From here, it is no great leap to the cheeky Raphael who mocked two German cardinals in an anecdote told by Castiglione (the overly red cheeks they criticised in a portrayal of Saints Peter and Paul were because he had depicted them blushing in shame that the church was ruled by such ignoramuses); or who offered as a witty retort to a lady professing offence at an erotic detail in his mythological frescoes in Agostino Chigi’s villa that an even lewder one had earned only her praise, this exchange recounted by Paolo Giovio. Giulio Romano is credited with being the originator in Raphael’s circle of erotic imagery stripped of the exculpatory guise of mythology or poetry: the scandalous I Modi, 16 engravings by Marcantonio Raimondi of people having sex based on Giulio’s designs, caused an uproar in Rome when they appeared – after Raphael’s death – in 1524. But drawings by an artist-visitor to Raphael’s workshop, Cesare da Sesto, prove that such material was produced during his lifetime, if not by the master himself (whose insatiable sexual appetite the disapproving Vasari blamed for the artist’s premature death, which he ascribed to a fever contracted after a night of excessive indulgence), then at least with his knowledge. Whether any of these images contained sly references to Raphael’s libidinous behaviour, which was well known to his inner circle, and his consuming love for his mistress Margherita Luti (apocryphally known as La Fornarina) – which prompted his impatient patron Agostino Chigi to install her at his villa in order to induce the distracted painter to report for work – can only be guessed at.
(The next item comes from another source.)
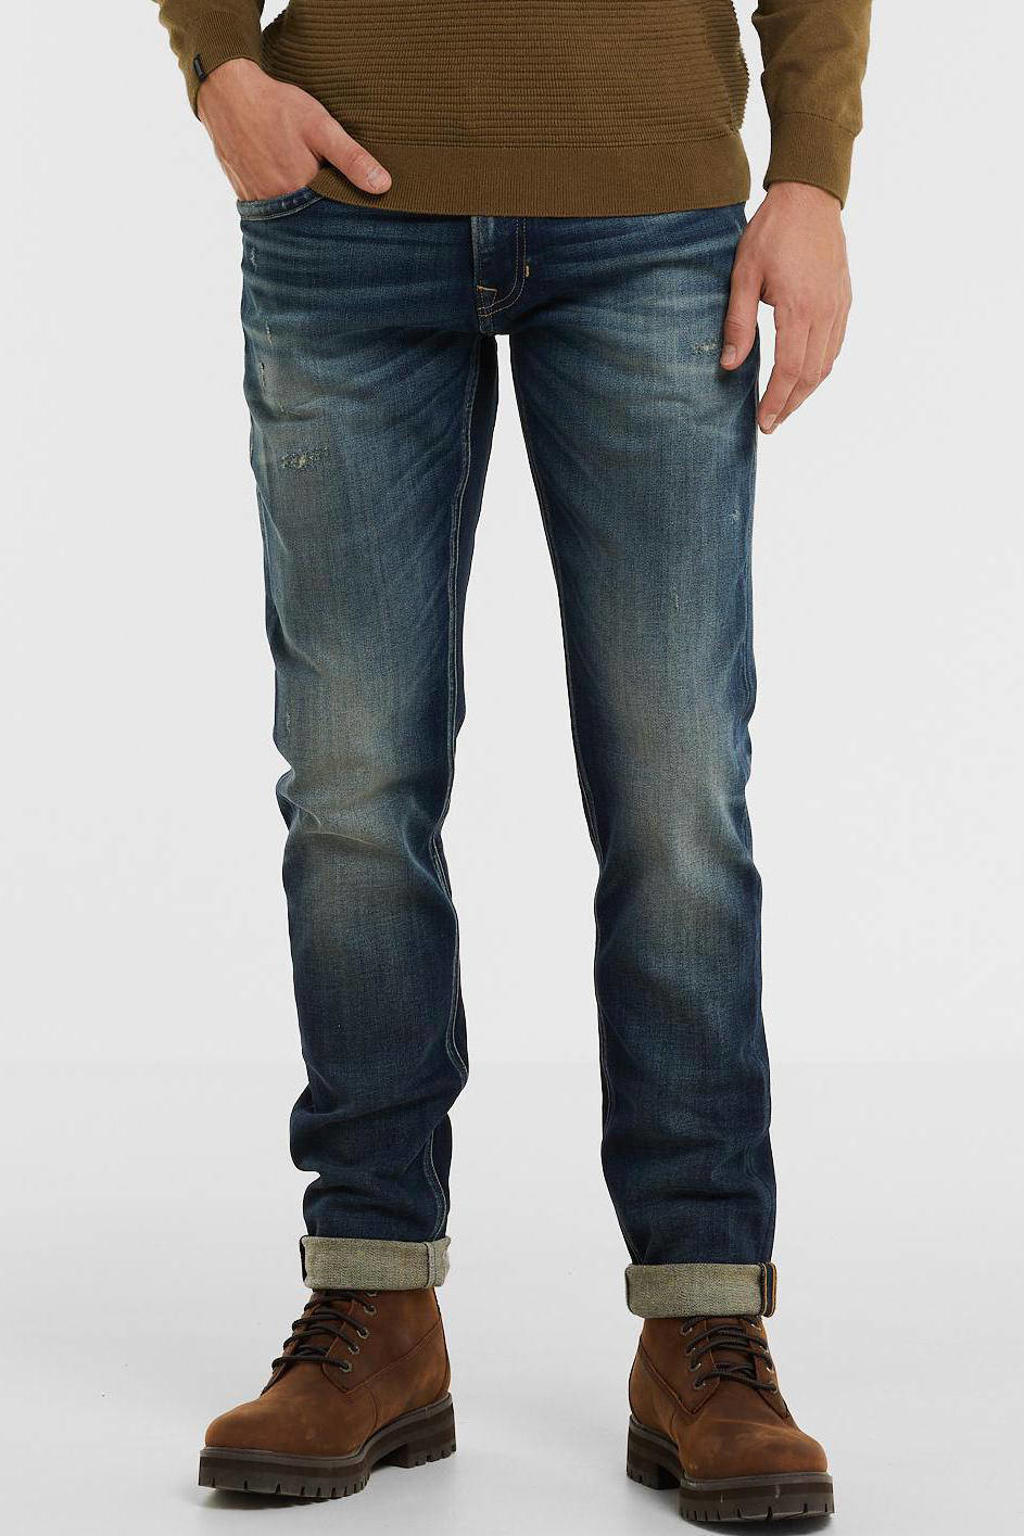 PME Legend slim fit jeans TAILWHEEL vintage denim blue

Assembling these disparate pieces of biographical data results in an image of Raphael that is more well-rounded and psychologically complex than the beatific portrait of past centuries. While he was undoubtedly sweet, well-mannered, kind, and generous, Raphael was also competitive, ambitious, entitled, and perhaps, at times, even a little unscrupulous. Affable when it mattered because of a patron’s stature or a friend’s affection, he could become prickly when overwhelmed by the crushing demands placed on him, hence the promise of Alfonso d’Este’s dogged agent to handle him with kid gloves. Though his analysis that Raphael was prone to artistic melancholia was a bromide, the observation was not entirely untrue. This is the Raphael captured in Marcantonio Raimondi’s engraved portrait: withdrawn, brooding, overworked (an untouched panel, palette, and paint pots await), barricaded in the mantle he bequeathed to his beloved disciple Giulio Romano, who cherished this relic of Raphael enough to make provisions for it in his will.
The German Nazarene painter Johann Friedrich Overbeck was among those present in the Pantheon for the opening of Raphael’s tomb. He wrote of being so moved that ‘a shudder came over me when the remains of the honoured painter were laid open’. At the same time, he reflected with melancholy, ‘Alas, the spirit of the great artist remains buried deeper than his bones.’ Raphael’s bones remain buried but, 500 years after his death, his spirit is closer at hand.